These are the events which can be chosen:
ERROR 0x0001 internal errors SYSTEM 0x0002 system (server) & (trqauthd) events ADMIN 0x0004 admin events JOB 0x0008 job related events JOB_USAGE 0x0010 End of Job accounting SECURITY 0x0020 security violation events SCHED 0x0040 scheduler events DEBUG 0x0080 common debug messages DEBUG2 0x0100 less needed debug messages CLIENTAUTH 0X0200 TRQAUTHD login events SYSLOG 0x0400 pass this event to the syslog as well
The listed events are shown here with hexidecimal values; however, a decimal value must be used when setting $logevent.
|
Example |
$logevent 1039 will log ERROR, SYSTEM, ADMIN, JOB and SYSLOG events. This has a hexidecimal value of 0x40F. |
$loglevel |
Format |
<INTEGER> |
Description |
Specifies the verbosity of logging with higher numbers specifying more verbose logging. Values may range between 0 and 7. |
Example |
$loglevel 4
|
$log_file_max_size |
Format |
<INTEGER> |
Description |
Soft limit for log file size in kilobytes. Checked every 5 minutes. If the log file is found to be greater than or equal to log_file_max_size the current log file will be moved from X to X.1 and a new empty file will be opened. |
Example |
$log_file_max_size = 100
|
$log_file_roll_depth |
Format |
<INTEGER> |
Description |
Specifies how many times a log fill will be rolled before it is deleted. |
Example |
$log_file_roll_depth = 7
|
$log_keep_days |
Format |
<INTEGER> |
Description |
Specifies how many days to keep log files. pbs_mom deletes log files older than the specified number of days. If not specified, pbs_mom won't delete log files based on their age. |
Example |
$log_keep_days 10
|
$max_conn_timeout_micro_sec |
Format |
<INTEGER> |
Default |
10000
|
Description |
Specifies how long (in microseconds) pbs_mom should wait for a connection to be made. Default value is 10,000 (.01 sec). |
Example |
$max_conn_timeout_micro_sec 30000
This sets the connection timeout on the MOM to .03 seconds.
|
$max_join_job_wait_time |
Format |
<INTEGER>
|
Default |
600
|
Description |
The interval to wait (in seconds) for jobs stuck in a prerun state before deleting them from the MOMs and requeueing them on the server. Default is 600 seconds (10 minutes).

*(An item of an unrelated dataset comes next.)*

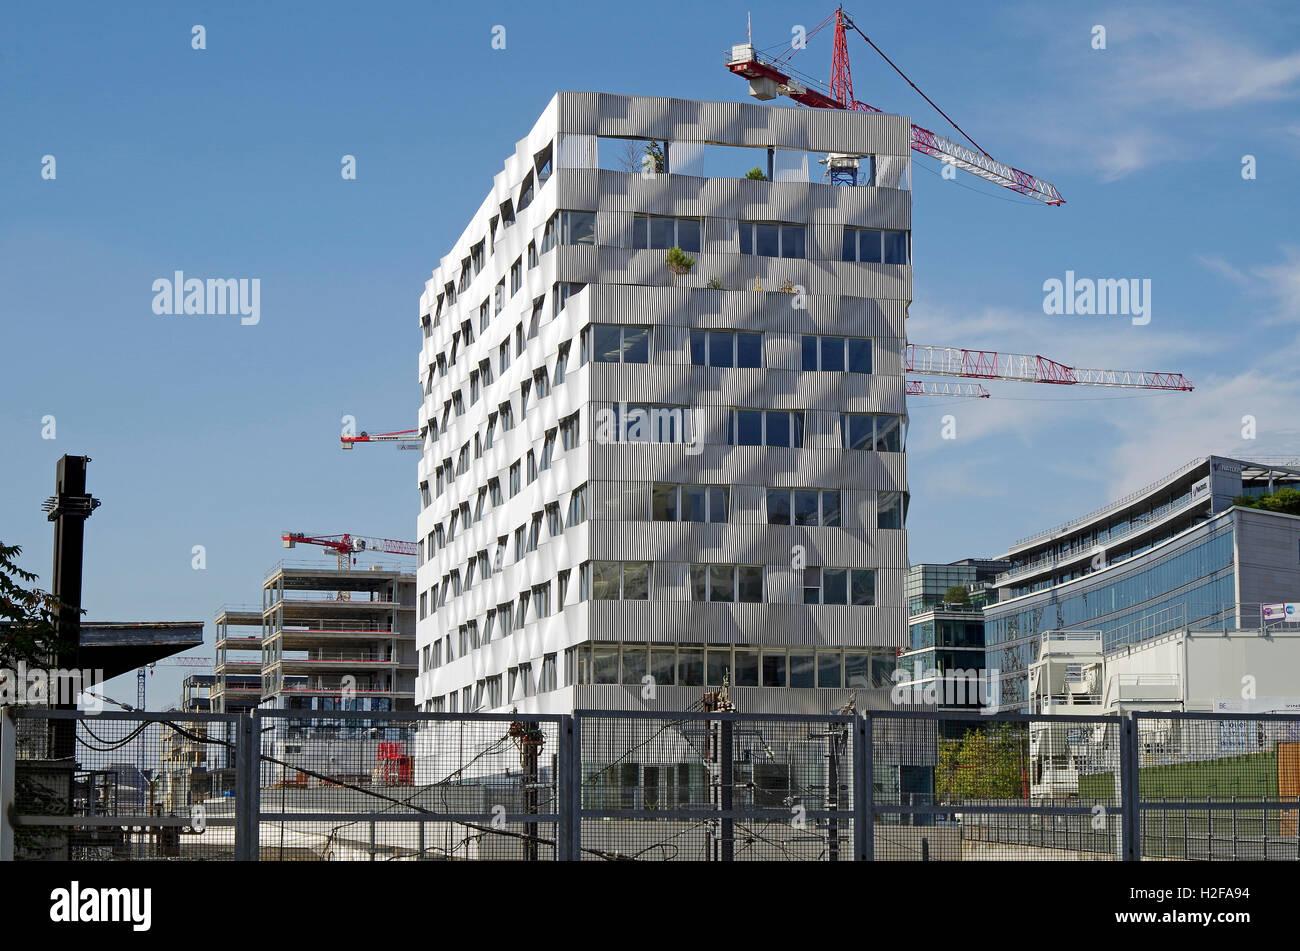 Paris France, Office building under construction - Stock Image

If a MOM is completely idle, it can take as long as the next MOM-to-server update time to requeue a failed job.
|
Example |
$max_join_job_wait_time 300
|
$max_load
|
Format |
<FLOAT>
|
Description |
Maximum processor load.
|
Example |
$max_load 4.0
|
$max_physical_memory |
Format |
<INTEGER>
<unit> |
Description |
Restrict the amount of memory available to jobs on this node to the specified amount, which may not exceed the amount of memory on the machine and must be greater than 0. Default is to use all available memory on the host.
When cgroups are enabled, this limits the whole of the machine and doesn't specifically limit each socket or NUMA node. If you have 2 NUMA nodes and 32 GB of memory, but you limit the machine to 30, it won't force a job requesting 16 GB to span NUMA nodes, but once that jobs starts, there would only be 14 GB remaining in use for jobs.
If you are using this setting, availmem (as reported in pbsnodes) is no longer accurate, as we do not know what portion of used memory and swap are by jobs and what portion are from the operating system. Since availmem is no longer accurate, you need to set NODEAVAILABILITYPOLICY to DEDICATED if you are using Moab or Maui.
|
Example |
$max_physical_memory 30gb
|
$max_swap_memory |
Format |
<INTEGER>
<unit> |
Description |
Restrict the amount of swap available to jobs on this node to the specified amount, which may not exceed the amount of swap on the machine and must be greater than 0. If you wish to disallow swap, this must be set to a very low value instead of 0. Default is to use all available memory on the host.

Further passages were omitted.